Karandeep Kawatra - Machine Learning Self-Assessment

Overview of things learned:


  • Learned how to work with Keras models using BERT and TF IDF vectorization.
  • Preprocessing texts from forums
  • Identified the most common tags by exploratory data analysis
  • Exposed to the Active Learning and worked with the modAL library

Tools: Google Collab, Slack, Notion, Google Meet, BeautifulSoup, Tensorflow (Keras modeling), modAL, Prodigy, LightTag

Soft Skills:

  • Learned to become more vocal due to smaller sized teams
  • Shared my work with my teammates and gave my input
  • Got over the fear of being the youngest yet naive person in my group and took risks for sharing my ideas
  • Learned that communication was key since we have a diverse team from all over the world
  • Connected/bonded with my team and learned more about their background

Achievement Highlights:

  • Web scraped the StackExchange forum data with titles, content and tags from 4 different categories: Computer Science, Data Science, Computational Science and Machine Learning
  • Built a sequential model using BERT Embeddings from the scraped data.
  • Built a model using TF IDF embeddings which predicted the tags based on the content of the forum
  • Learned and experimented with the Active Learning library and tag annotation tools such as Prodigy and Lightag.

Meetings Attended:

  • Weekly team meetings hosted by our leads (11 of them total; occurred twice a week)
  • Team Building meetings: our leads discussed resume building and how to reach out to various companies for potential employment

Goals for this week:

  • To integrate the full functioning model that could use the Active Learning loop we had created to predict the tags based on the title and continuing on for the posts in the data set.

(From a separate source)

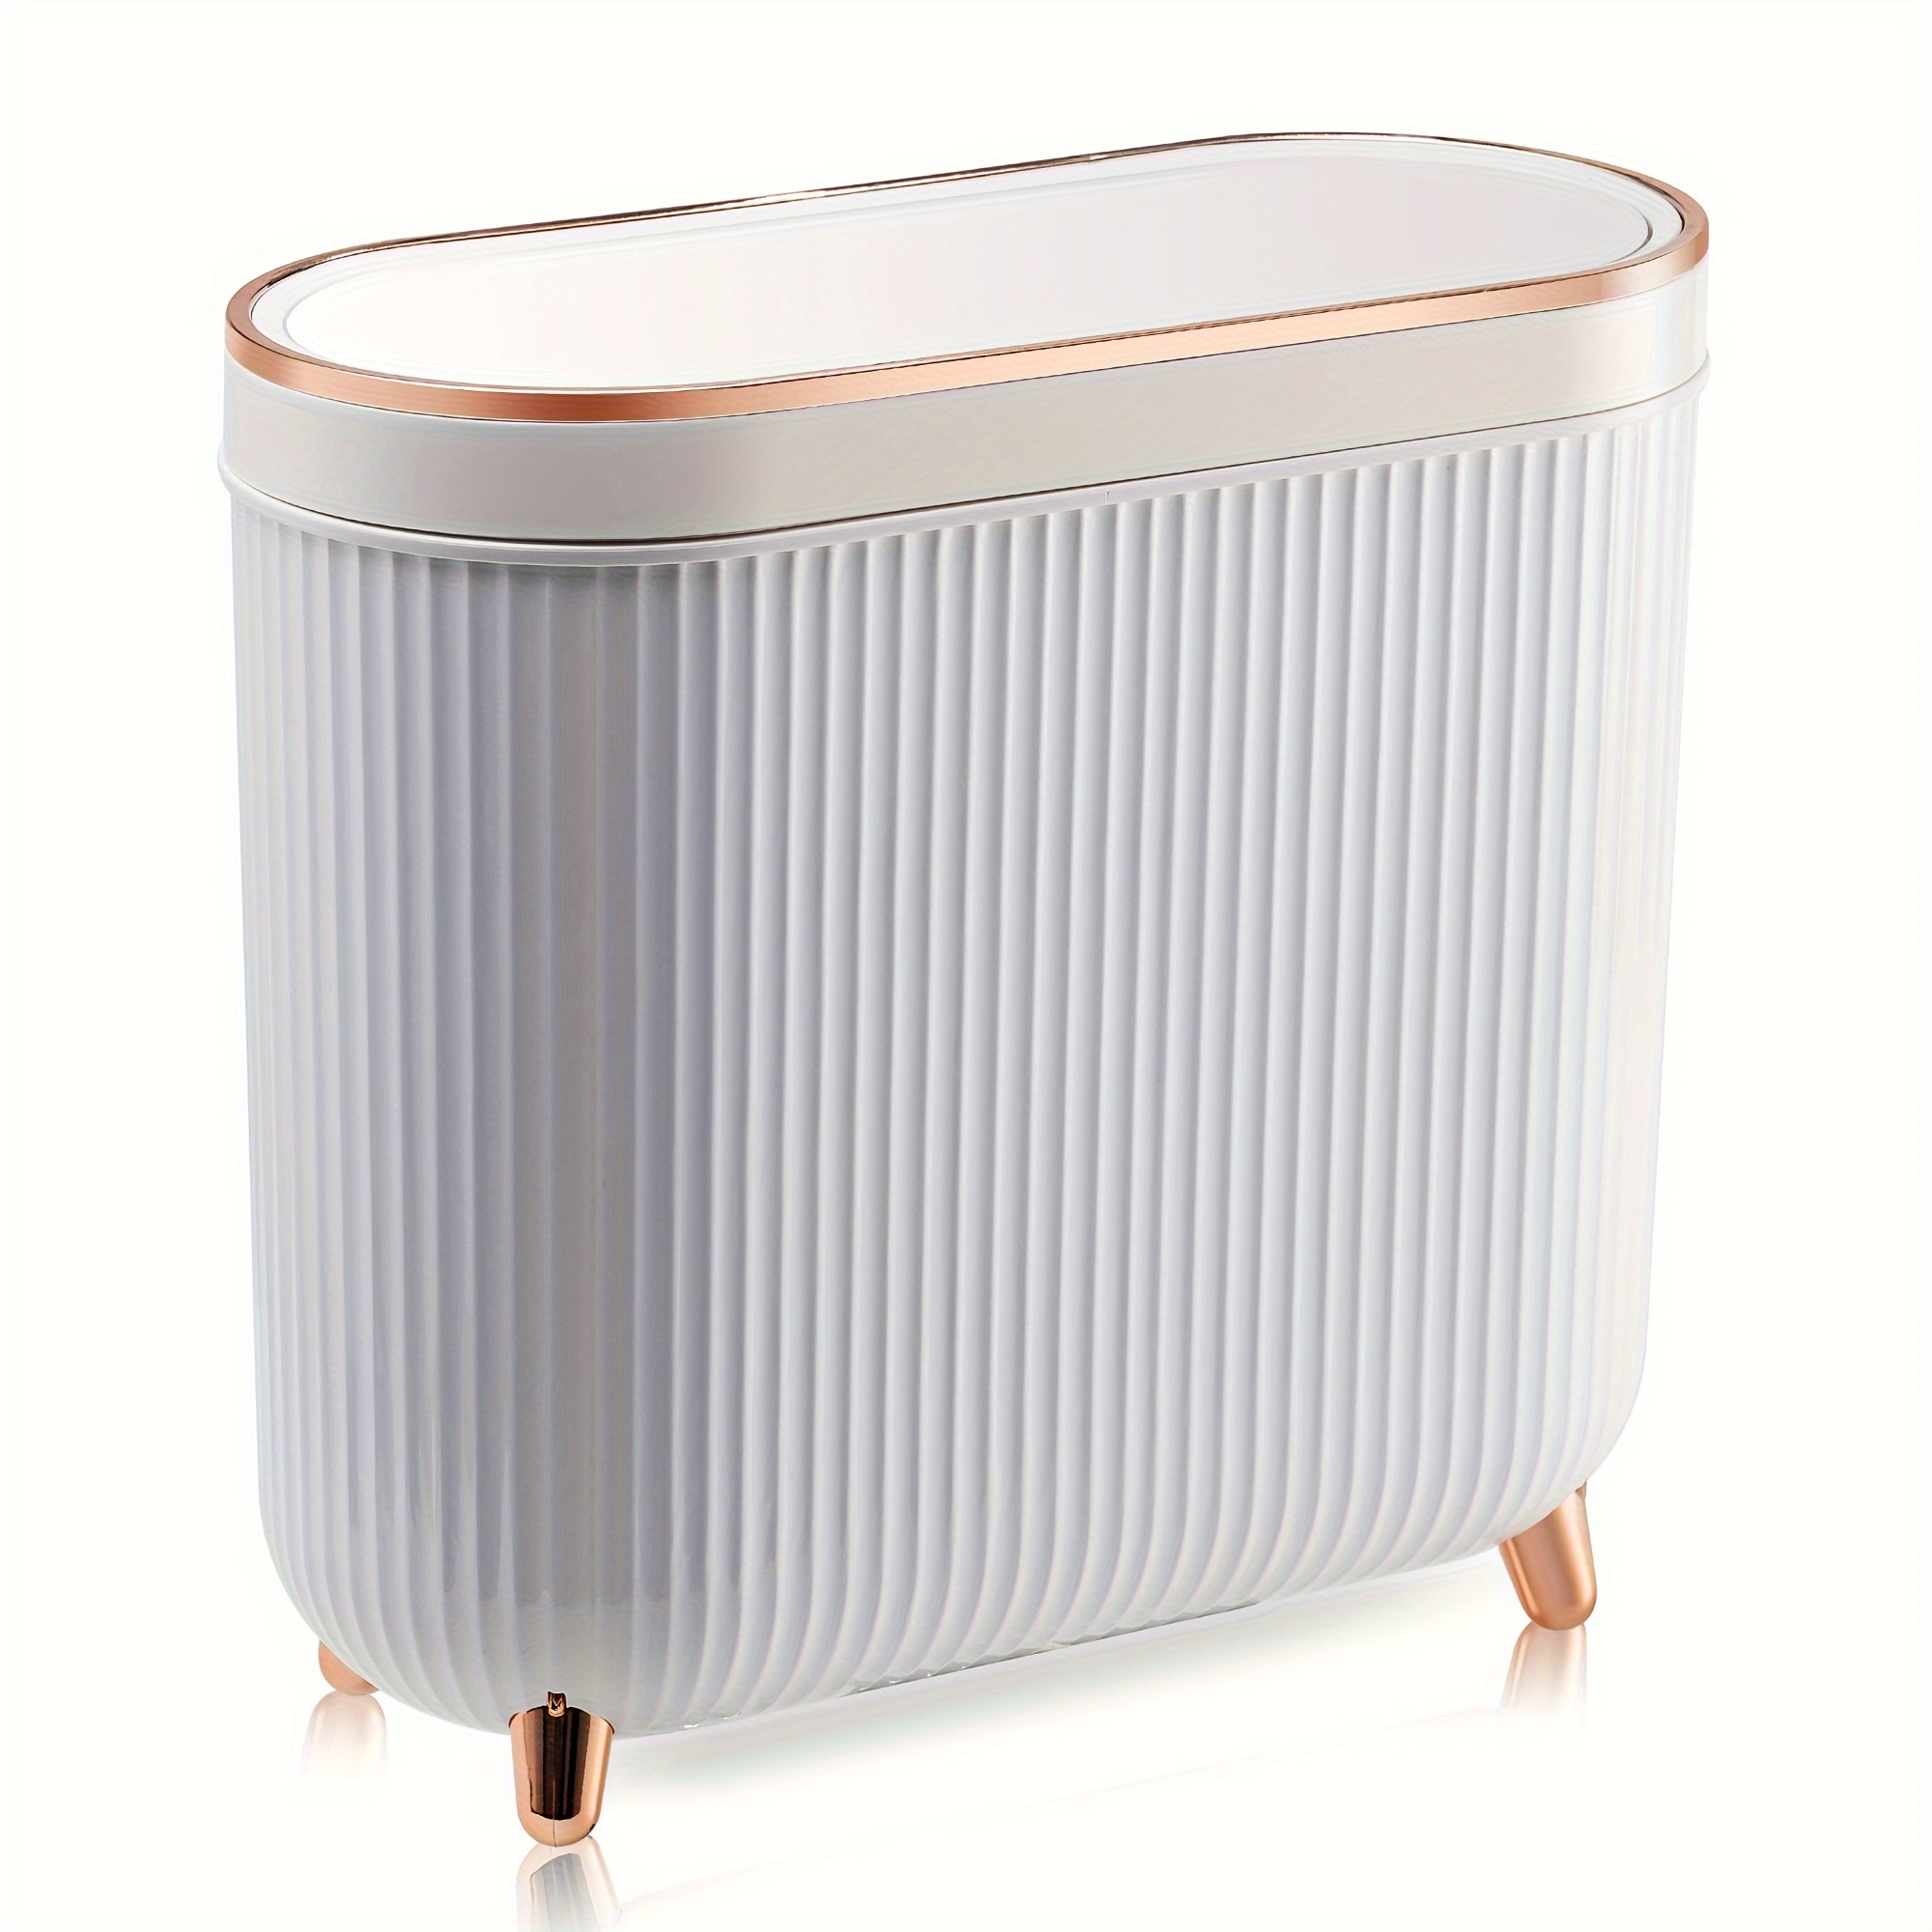 

Bathroom Trash Can With Lid 3.2 Gallon Narrow Trash Can Small Plastic Trash Bin 12 Liter Rectangular Plastic Garbage Can With Press Type Lid For Bedroom Bathroom

We will deploy this probably through AWS
  • To test our model on Stem-Away dataset if possible

Tasks Done:

  • Webscraped StackExchange forum using BeautifulSoup
  • Researched annotation tools such as prodigy and light tags to use in
  • Preprocessed the data from my dataset to used BERT and TF IDF to embed our text (later discovered that TF IDF was the better option since it did not have limit on features)
  • Got the most frequent tags (25) and displayed them graphically (discovered machine learning was the most frequent by a landslide)
  • Used metrics to calculate the accuracy for both models (precision, recall and f1 scoring)
  • Found that the TF IDF gave me a better accuracy of 70% compared to the BERT of 40%
  • Researched and tried to implement the Active Learning within my model (did not workout well)